Hora de discutir a relação...

- Vai, enfia no meu cuzinho! 
 
- Tô tentando. 
 
- Como assim tá tentando? 
 
- É que não tá bem duro. 
 
- Não tá bem duro? Vinte anos me enchendo o saco, pedindo: 
"Deixa eu botar no seu cuzinho" e quando eu deixo você me diz que não 
tá bem duro? 
 
- Acho que foi a emoção. Deixa eu tentar de novo. 
 
- Então, vem, mete tudo! 
 
- Eu tô quase conseguindo. Abre um pouquinho.
 
- Abrir o quê? 
 
- O cuzinho. 
 
- Mas você sempre disse que queria botar no cu porque era mais apertado 
e agora me pede pra abrir? 
 
- Como é que eu vou abrir o meu cu? 
 
- Relaxando, porra! 
 
- Eu tô relaxada até demais. Você é que tá nervoso com a sua meia bomba. 
 
- O que é isso? Onde você aprendeu a falar assim? 
 
- Falar o quê? Meia bomba? Todo mundo fala meia bomba! 
 
- Não a minha esposa. Isso é coisa de mulher que tem amante. 
 
- Pois fique sabendo que eu já falava meia bomba muito antes de ter um 
amante. 
 
- O quê? Você tem um amante? 
 
- É isso aí. Tá mais do que na hora de botar as cartas na mesa. 
Nosso casamento já era. 
 
- Você enlouqueceu?

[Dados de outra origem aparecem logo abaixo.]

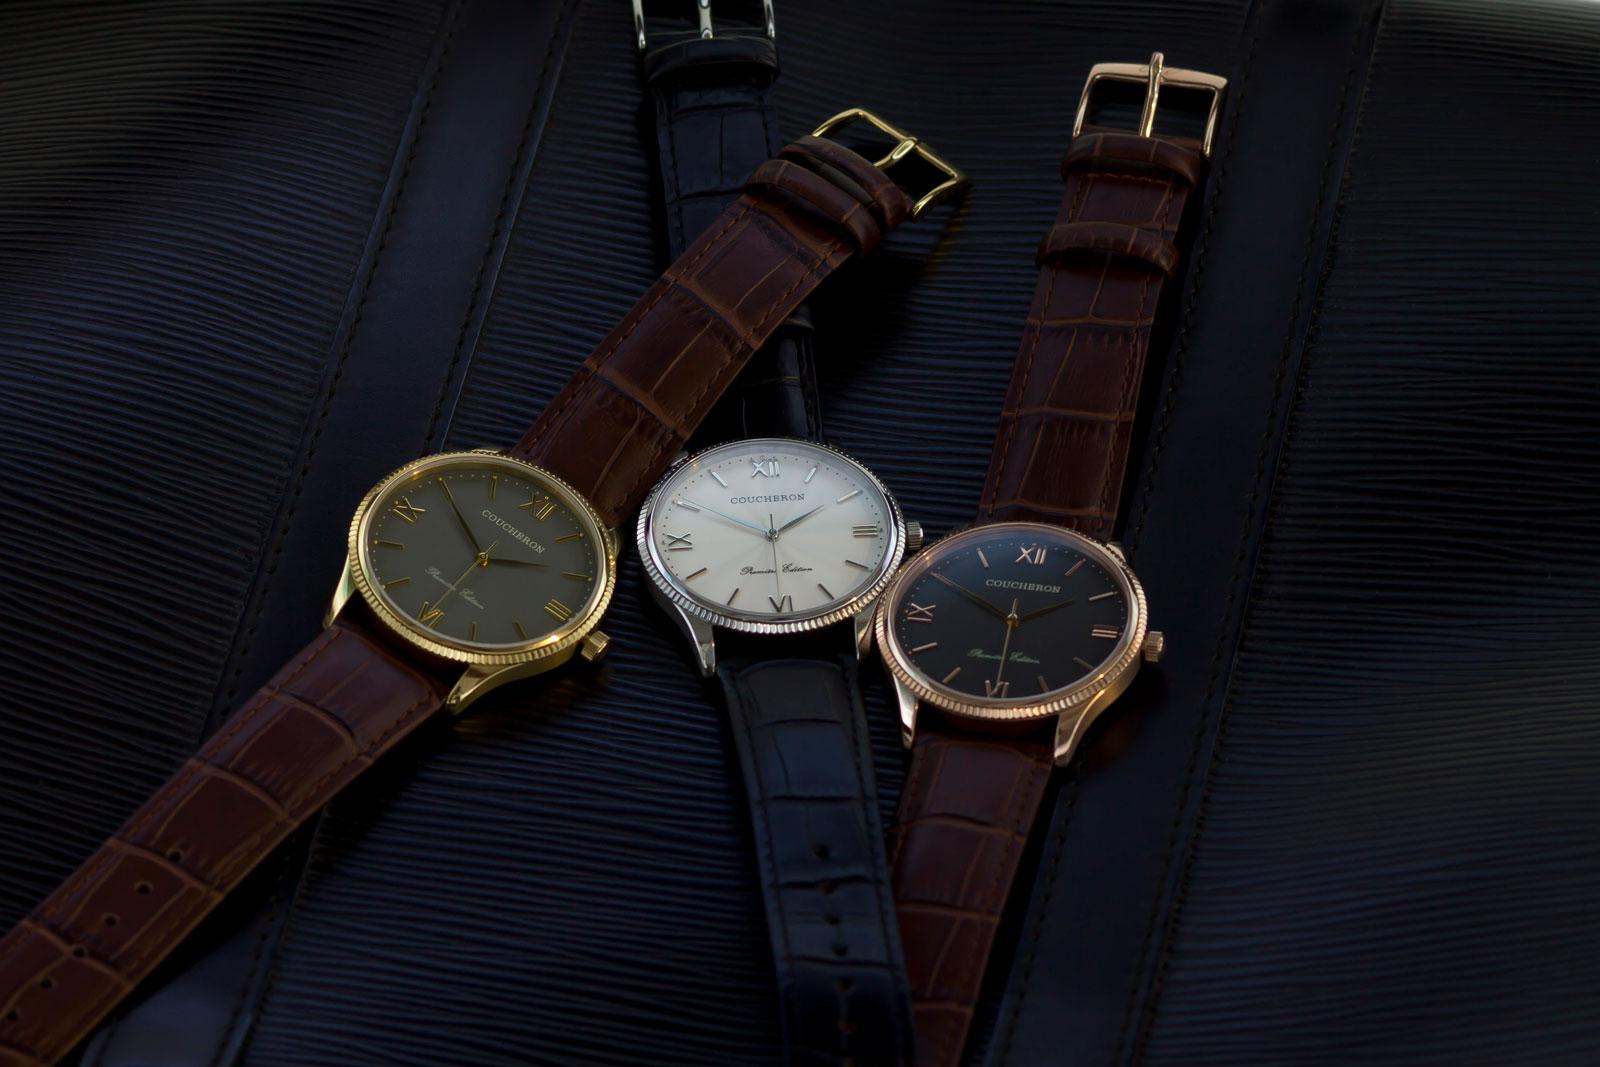 160905-cw-3x-watch-on-black-leather_lq_web
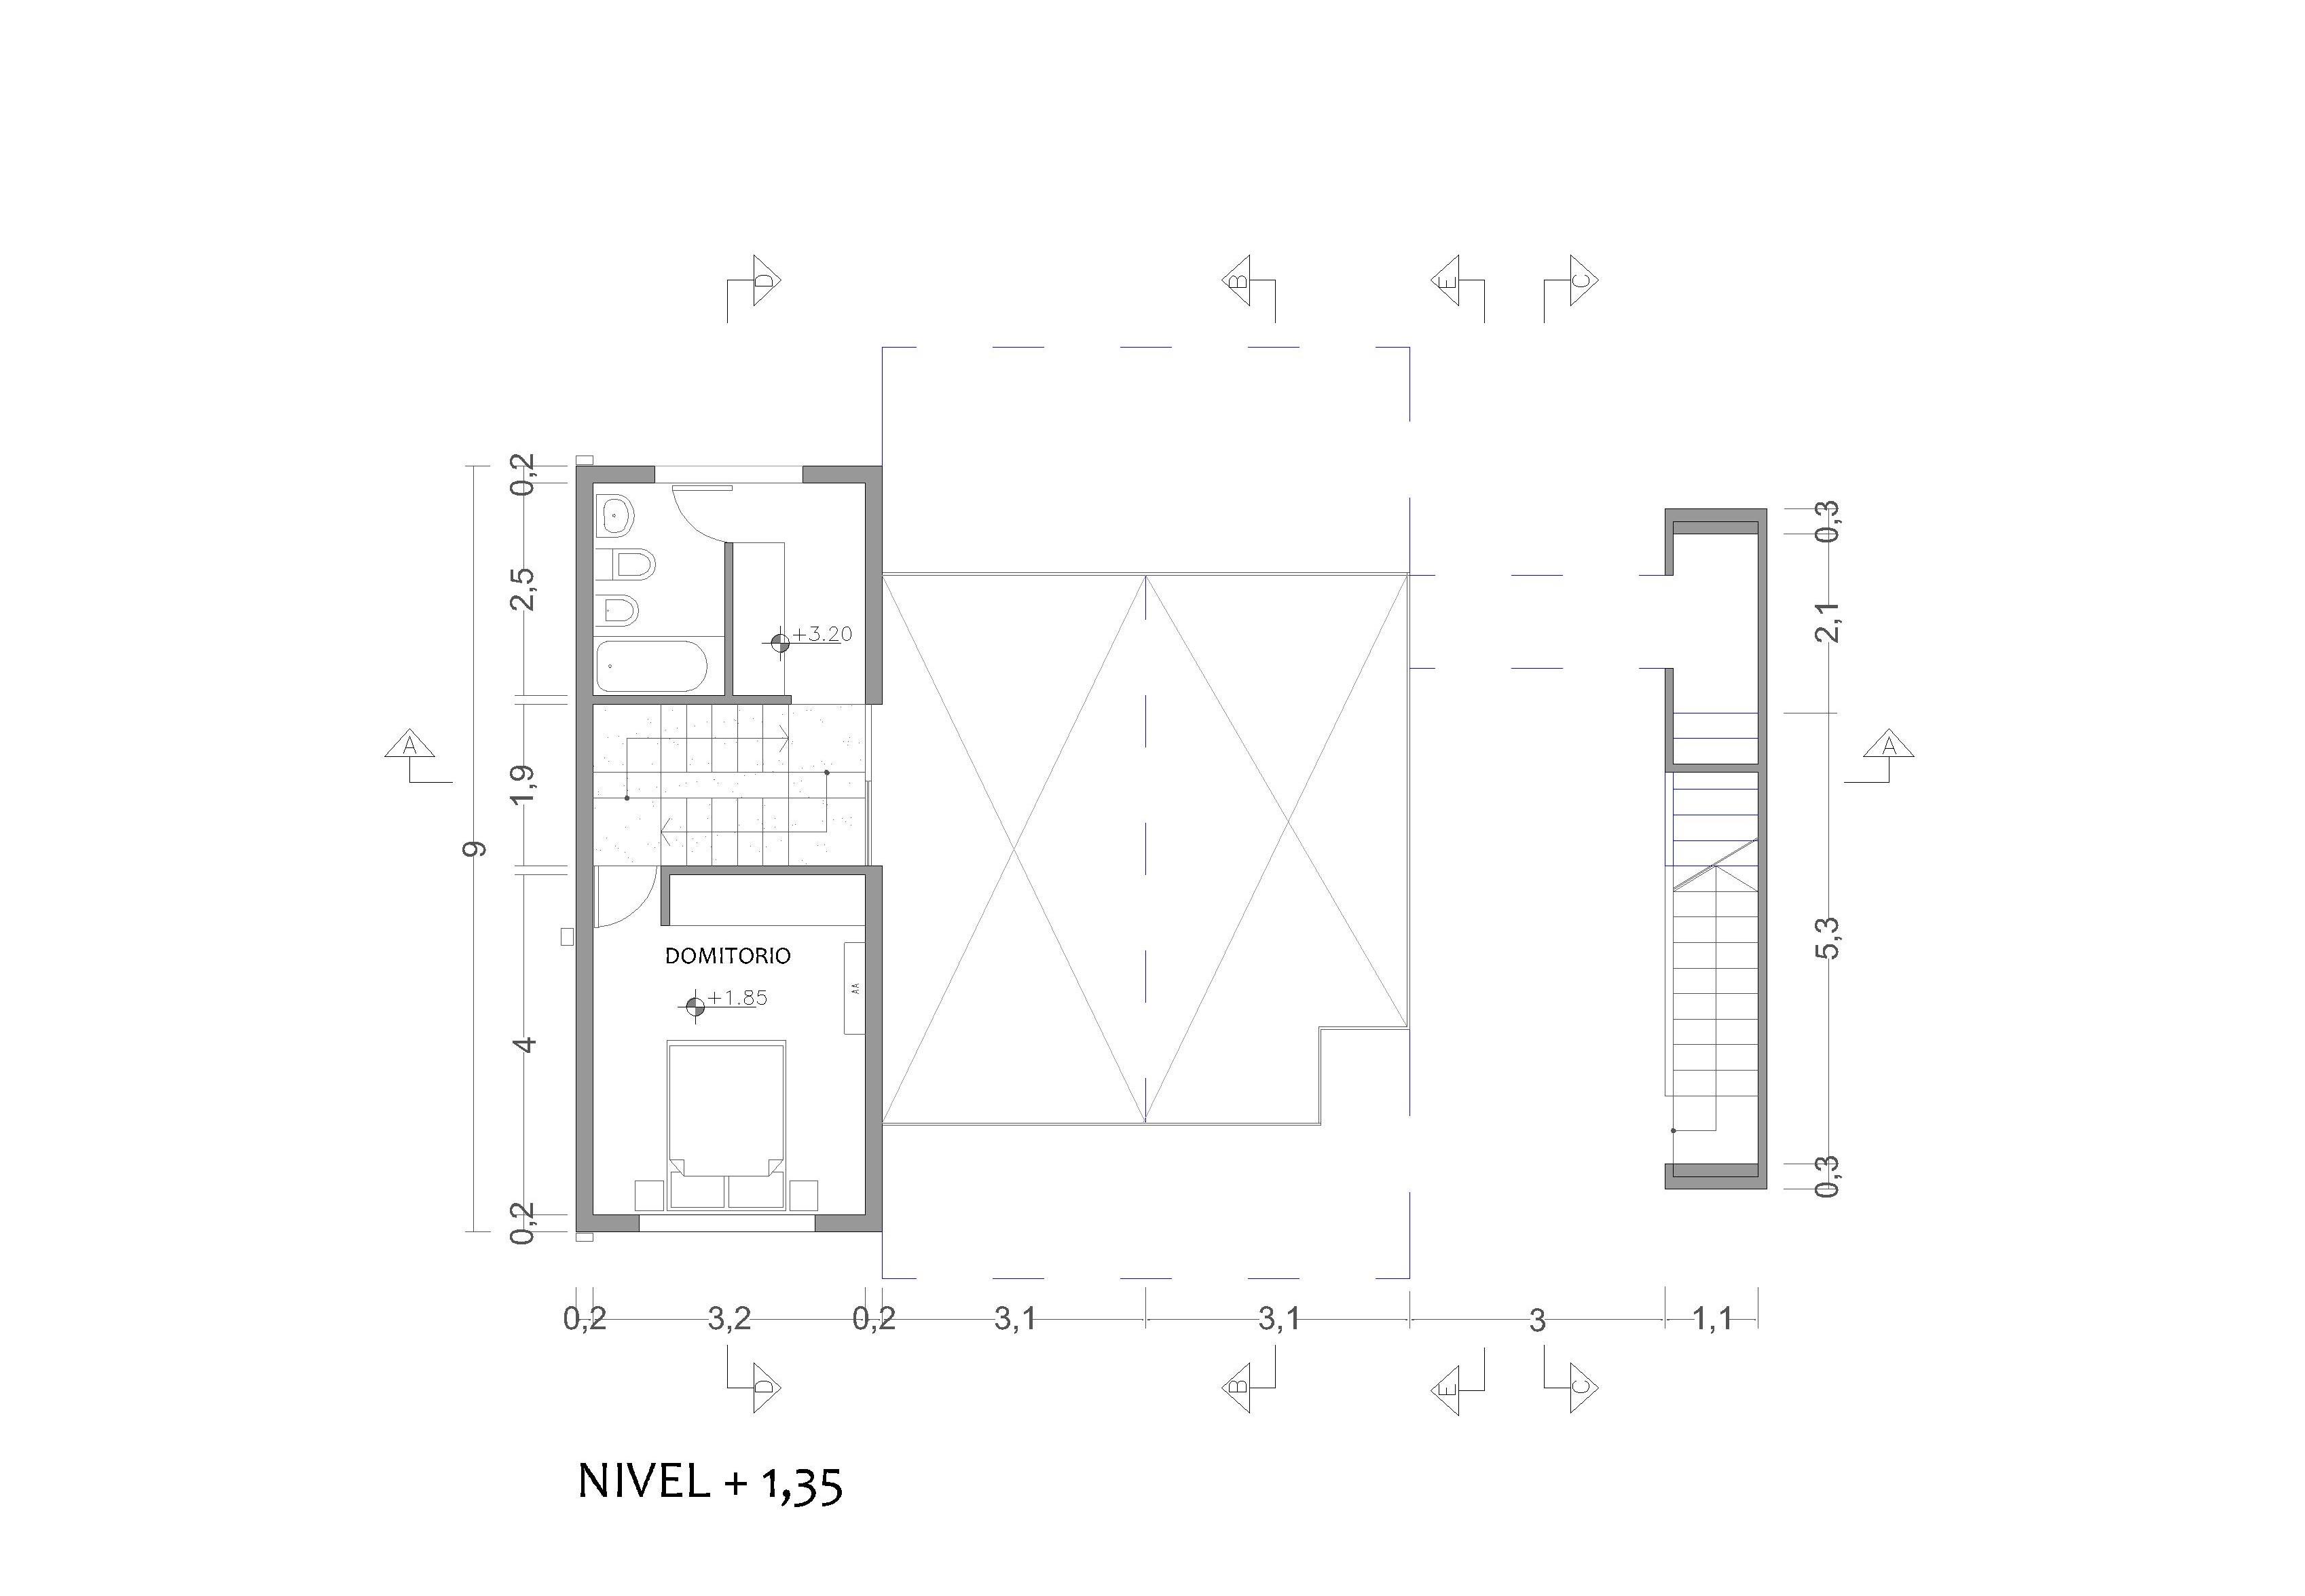 NIVEL 1.35MTS

Que papo é esse de uma hora pra outra? 
 
- De uma hora pra outra, nada! A gente sabe que o nosso casamento é 
um defunto que esqueceu de cair. Nossa filha já tem dezoito anos e eu 
vou embora com ela. 
 
- Não vai embora porra nenhuma. Primeiro vai me explicar: que história 
é essa de amante? Há quanto tempo você tem um amante? 
 
- Dois meses. 
 
- É o primeiro? 
 
- É. 
 
- Você deu o cu pra ele? 
 
- Dei. 
 
- Ah! Então é por isso que depois de vinte anos você resolveu liberar pra mim? 
 
- É! É isso! Agora com licença que eu vou me mandar. 
 
- Espera! Isso não pode acabar assim. 
 
- Pode e vai. O nosso casamento já era. 
 
- Não. Eu tô falando do seu cu. 
 
- O que tem o meu cu? 
 
- Eu quero comer. Depois de vinte anos eu tenho direito. 
 
- De que jeito você vai comer o meu cu? Você tá broxa. 
 
- Broxa, não, hein!? Sou corno, mas não sou broxa! 
 
- Você? Corno? Corno que corneia não é corno. 
 
- Quem disse que eu te corneio? 
 
- Cinismo numa hora dessas? Já não bastam os vinte anos de hipocrisia que 
passamos nesse quarto? 
 
- Tudo bem. Eu admito. Eu arrumei uma amante nos últimos meses. 
 
- Nos últimos meses? Você tem um caso com essa mulher há anos. 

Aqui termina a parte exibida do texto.